Confidently Go Low-Fuss with Your Look
“I’m not very good at putting on makeup or doing my hair, to be honest. I’m a five-minute girl with getting dressed. So the least amount of makeup is the best for me—I use about four products. I’m big on eyebrows, so I pencil those in. I don’t do mascara because my eyes are sensitive. I also love the Beautycounter blush stick and lipsticks. Its Dew Skin tinted moisturizer is a game-changing product for me—I like to be able to see the skin breathe. And I can do all that in the car.”
Come Clean About Your Beauty Regimen
“I’m not a five-minute girl with my skin. My skin has become extra sensitive and reactive, so I realized that I needed to cut out the chemicals that were in the products I was using. Keeping it clean is really key. That means a double cleanse with the right cleanser: an oil cleanser for removing eye makeup, followed by a milk cleanser—I like one from Tammy Fender. Then I’ll do a mist, followed by a face oil—Saint Jane has a lovely CBD [cannabidiol] one that’s just great for reducing redness and inflammation. Sometimes I mix the oil with a moisturizer—I like the one from Dr. Barbara Sturm—or with the spray mist to sort of press it in. Then obviously I use sunscreen on top.”
Be Big-Picture About What You Eat
“The minute I put myself in any kind of constraint with eating, I’ll end up rebelling and not doing the right thing. So I allow myself room for naughty and nice. I grew up in the ’70s, and my mom was a hippie in the day who baked her own bread and made vegetarian dishes. So that’s my comfort food. Superhealthy. It’s what I crave.
When I was first trying to get pregnant, I cut out a lot of wheat, sugar, and dairy in my diet—and I remember drinking tons of wheatgrass juice. So I’ve tried to stay with that, but there’s wiggle room. It doesn’t mean I won’t eat french fries. I’m done with wheatgrass juice, though. In fact, it may make me gag just thinking about it.”

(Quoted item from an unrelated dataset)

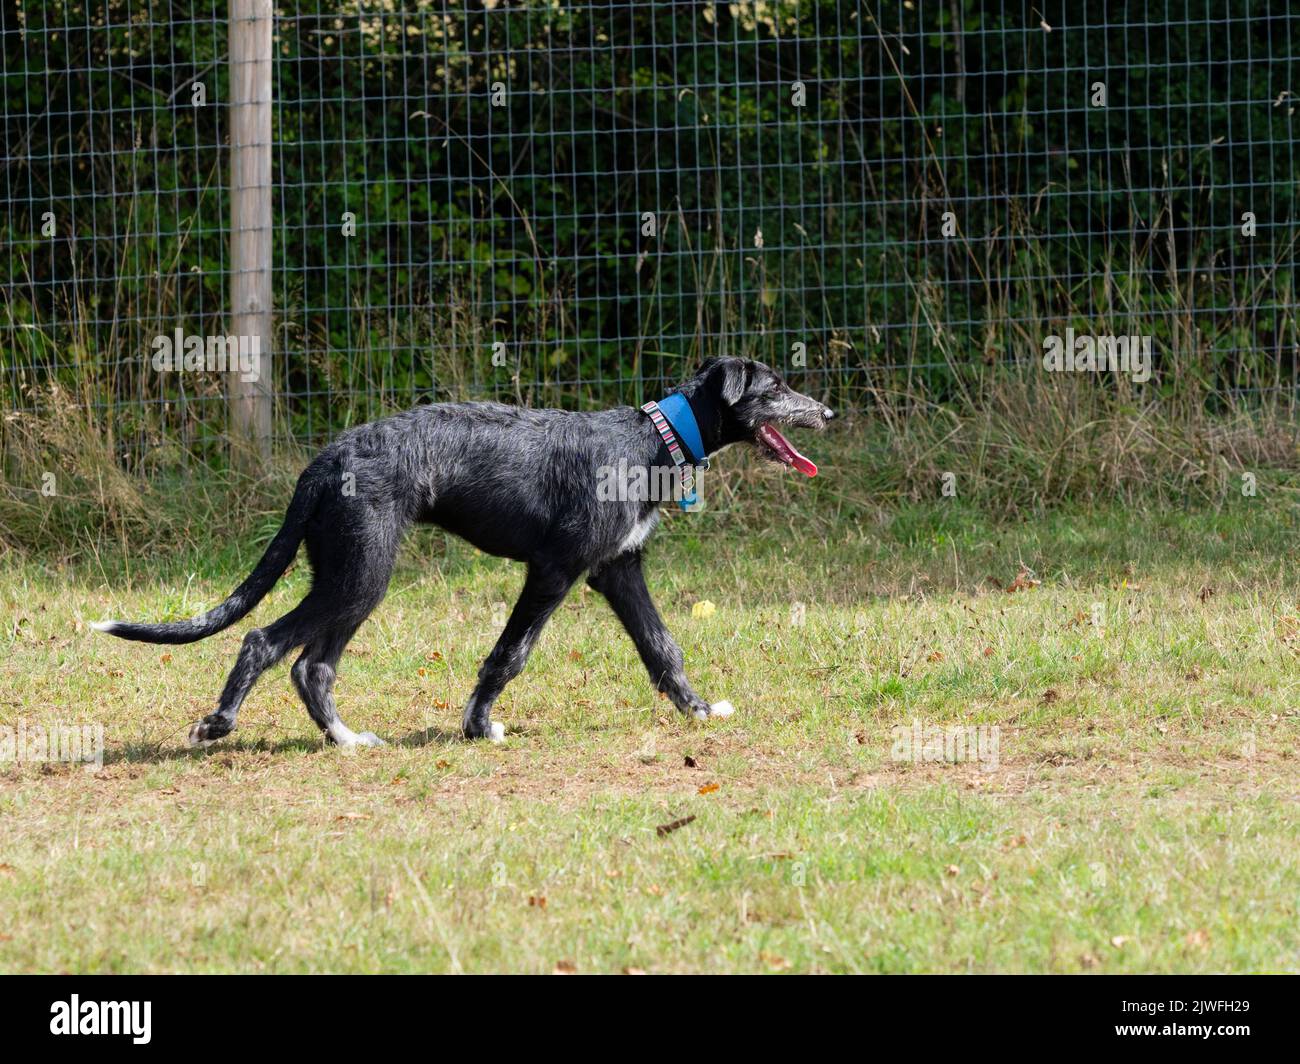 18 week old male deerhound x greyhound black and grey lurcher puppy walking in a grassy field Stock Photo
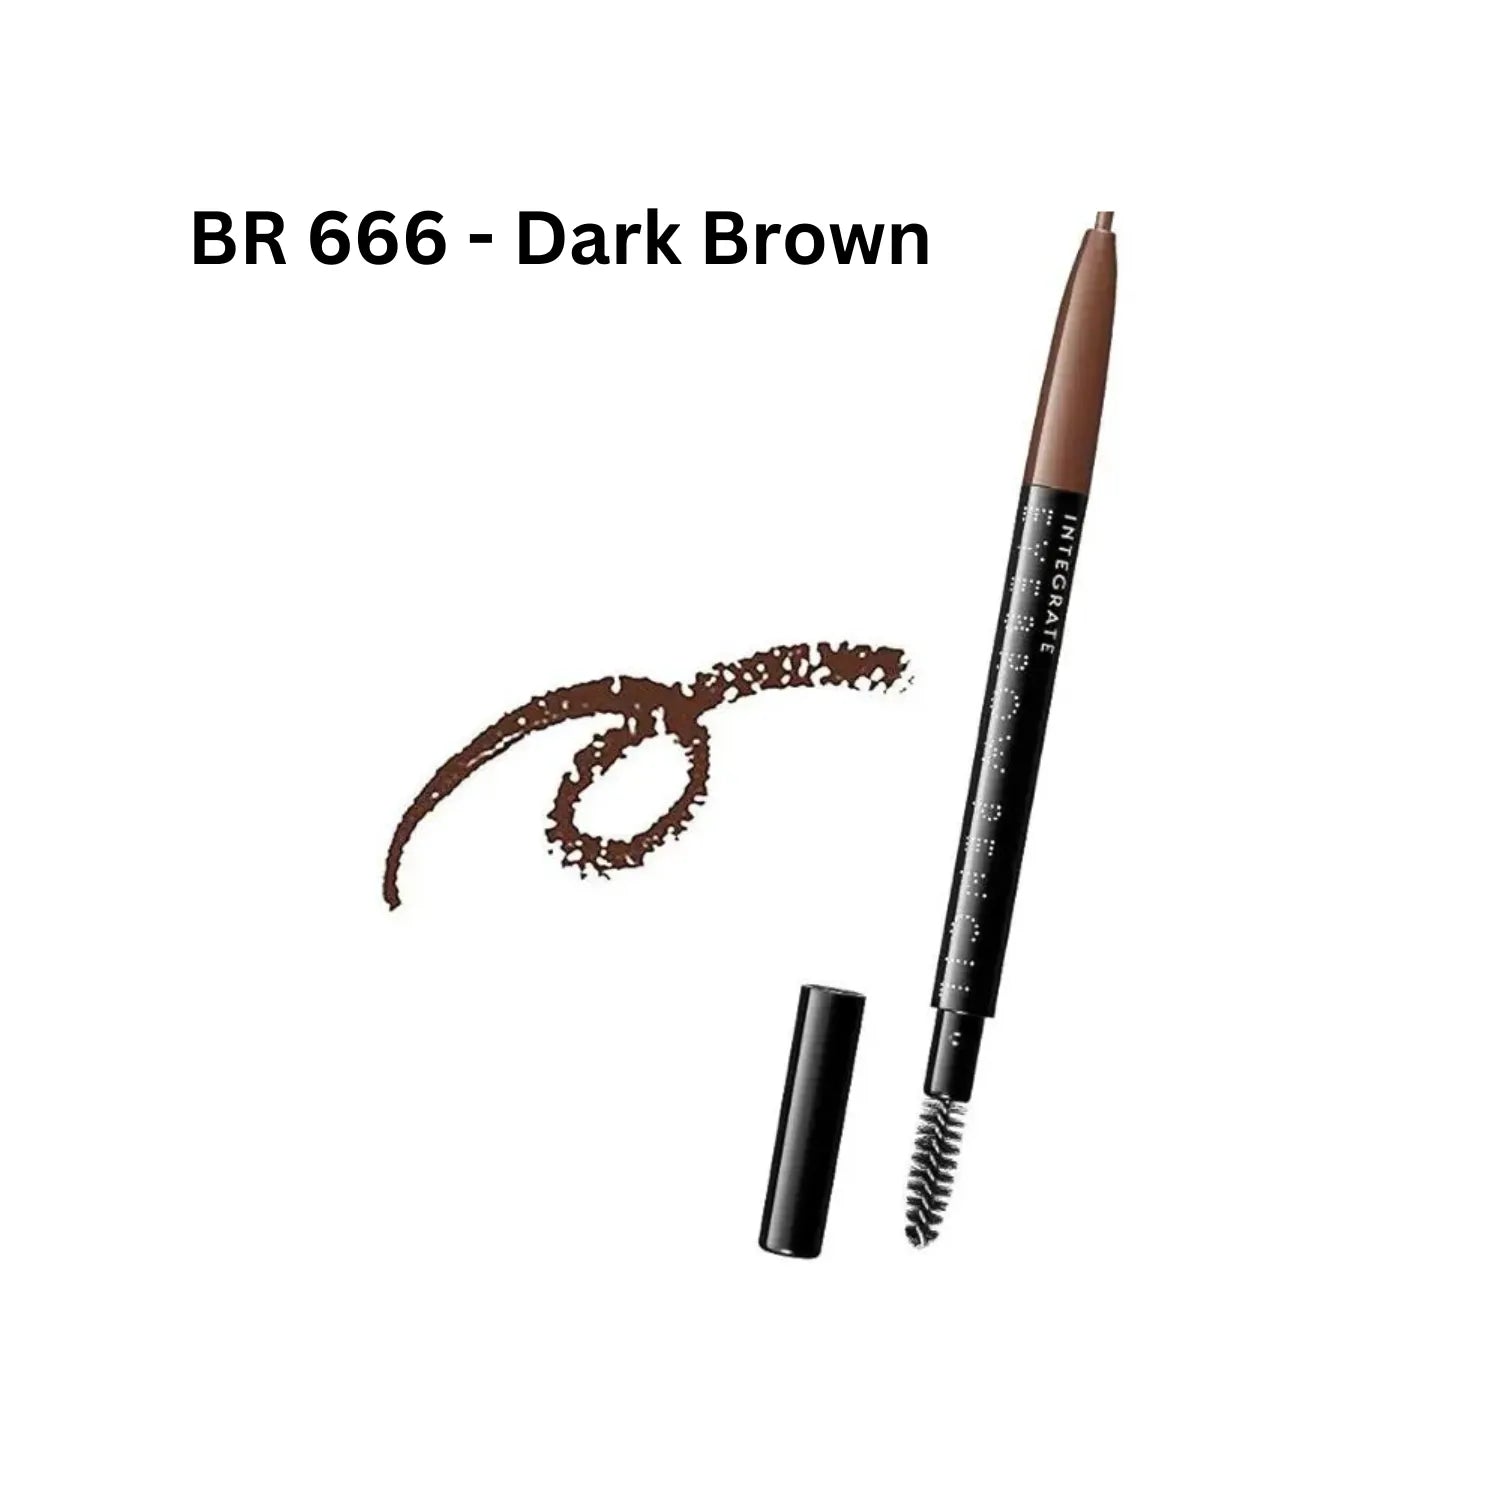 BR 666 - Dark Brown

Put In Time Building Your Strength
“I love the feeling of exercising. But the days of getting up at 4 or 5 a.m. to work out are long gone for me. I’m not fanatical, so I change it up. I love yoga, and I have a Pilates Reformer in the house. Also, as you get older, you have to work harder to keep muscle tone, so that’s why I do strength training with weights. Not the three-pound kind but with higher-level weights using barbells. I have a trainer, because I can’t exercise very well if I’m not being instructed. It’s as if I suddenly develop amnesia: I can’t remember any moves. And nobody is watching, so I’m not going to care if I do three instead of 20.”
Give Your Energy to a Great Purpose
“When UNAIDS wrote to me with the invitation, it just made complete sense. They wanted me to address the issue here in the U.S. as well as worldwide. I felt privileged to be able to help in Zambia [on a 2006 UNAIDS fact-finding mission] and to see how hard people were working there to make it better. In the last 10 years that I’ve been working with UNAIDS, people have been getting hold of the antiretroviral drugs, so there’s [significantly reduced] transference from mother to child. We still need to do more and remove the stigma, but it’s great to have witnessed such a positive change.”